IMF asks Sri Lanka to keep monetary policy tight amid high inflation
ECONOMYNEXT – The International Monetary Fund has recommended tight monetary policy as high inflation continues to dog Sri Lanka, though some analysts a depreciating currency will push prices up however tight monetary policy is.
"Inflation and credit growth remain on the high side," the IMF said Mitsuhiro Furusawa, Acting Chair and Deputy Managing Director, said after the lender approved a 251.4 million dollar tranche under its program.
"Maintaining a tightening bias for monetary policy is recommended until clear signs emerge that inflation pressures and credit expansion have subsided.
"Macroprudential tools should also be used to help rein in credit growth and head off systemic risks."
Sri Lanka’s money printing central bank which operates an unstable soft -peg has de-stabilized the economy since 1951, critics say.
Until 1977 it operated a dollar soft-peg by printing money and draconian exchange controls, and after 1978 it printed money and let the exchange rate go (crawling peg), generating inflation close to 30 percent a year, when US inflation was also high.
In the 12-months to November 2017 Sri Lanka’s central bank generated inflation of was 7.6 percent, higher than the price rises created by many Asian central banks despite policy rate at 7.25 percent, one of the highest in Asia and double digit market rates, amid currency depreciation.
The rupee has fallen from 149.8 to the US dollar in December 2016 to 153.76 in November 2017, according to official data.
Sri Lanka also does not market price energy, with shocks absorbed by the credit system, which are the monetarily accommodated.
As a result of contradictory monetary and exchange rate policies the country has run into frequent balance of payments crises, with deficit spending also made possible by monetary forbearance as well as fiscal dominance of monetary policy requiring IMF bailouts.
The IMF said tax increases were bringing revenue but state enterprises had to be fixed, since there was a lot of debt from past deficits.
“Sri Lanka’s performance under the Fund-supported program has remained broadly on track since the second review," Furusawa said.
"Macroeconomic and financial conditions have been stable, despite a series of weather-related supply shocks.
"The authorities remain committed to the economic reforms under the program and have undertaken measures to improve government revenue and accumulate international reserves.
"Going forward, it is important to build on the progress made and accelerate reforms to reduce fiscal and external vulnerabilities.
“Fiscal performance has been satisfactory and all targets until September were met. The new Inland Revenue Act will make the tax system more efficient and equitable, and generate resources for social and development programs.

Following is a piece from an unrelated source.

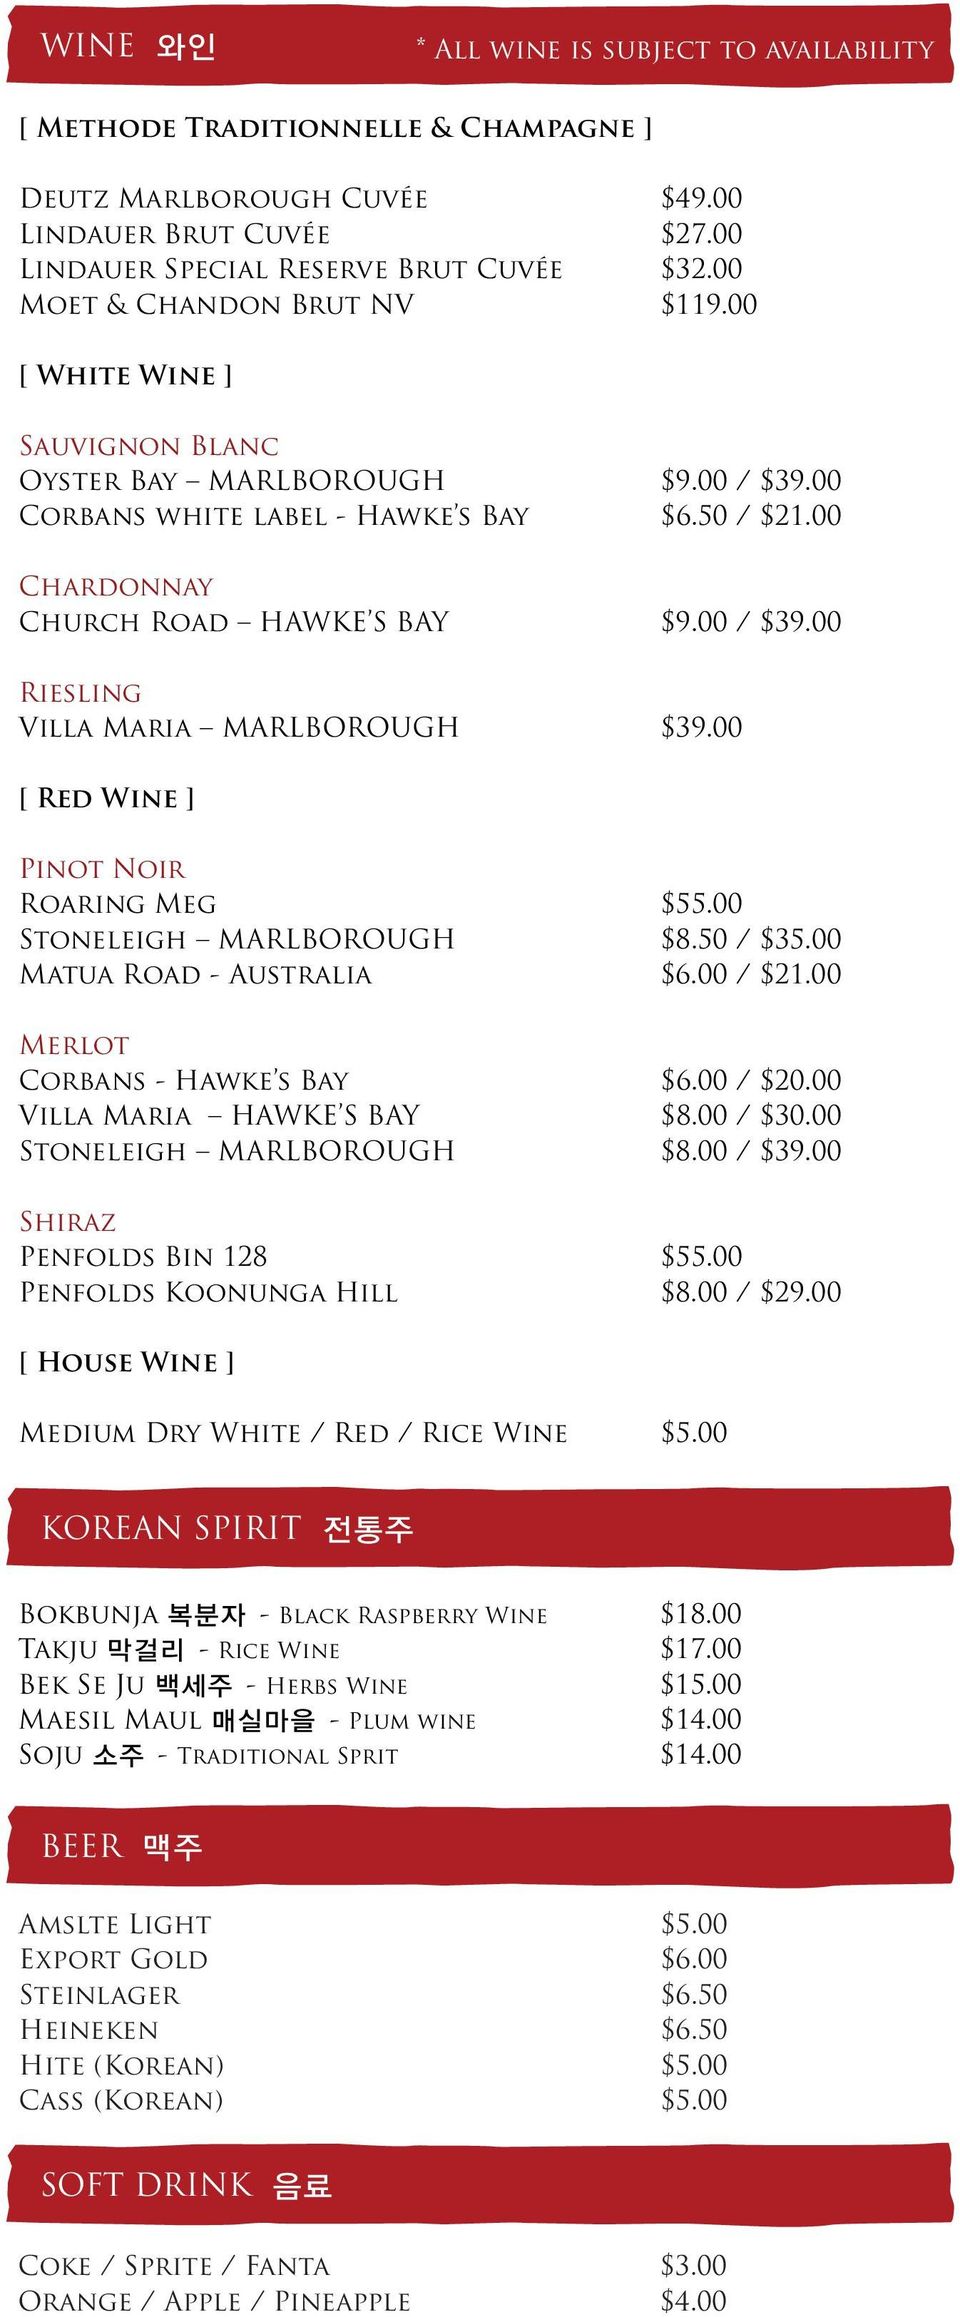 00 [ Red Wine ] Pinot Noir Roaring Meg $55.00 Stoneleigh MARLBOROUGH $8.50 / $35.00 Matua Road - Australia $6.00 / $21.00 Merlot Corbans - Hawke s Bay $6.00 / $20.00 Villa Maria HAWKE S BAY $8.

"Nevertheless, Sri Lanka’s high debt burden, large gross financing needs, and weak financial performance of state-owned enterprises increases the importance of further fiscal consolidation.
"Timely progress in structural reforms, including tax administration and energy pricing, will support fiscal consolidation."
The IMF also asked for the exchange rate to be ‘flexible’. Under the IMF program Sri Lanka has to collect foreign reserves, indicatng that the central bank is operating a de facto dollar peg.
“Along with efforts to deepen the foreign exchange market, it is important to further accumulate reserves and enhance exchange rate flexibility to reduce Sri Lanka’s external vulnerability," he said.
Sri Lanka’s central bank is now buying dollars amid lower credit growth (compared to deposits), and mopping up rupees generated by selling down its Treasury bill stock (sterilized forex purchases), reversing the process of printing money that generated the BOP crisis in 2015 and 2016.
“Structural reforms are also needed to enhance competitiveness and promote inclusive growth, including measures to improve trade and investment regimes.”
Sri Lanka’s 2018 budget has proposed trade and structural reforms including a key opening up of the shipping sector, but the finance ministry is facing opposition from entrenched domestic business interests who are also supported by sections of the coalition partner Sri Lanka Freedom Party.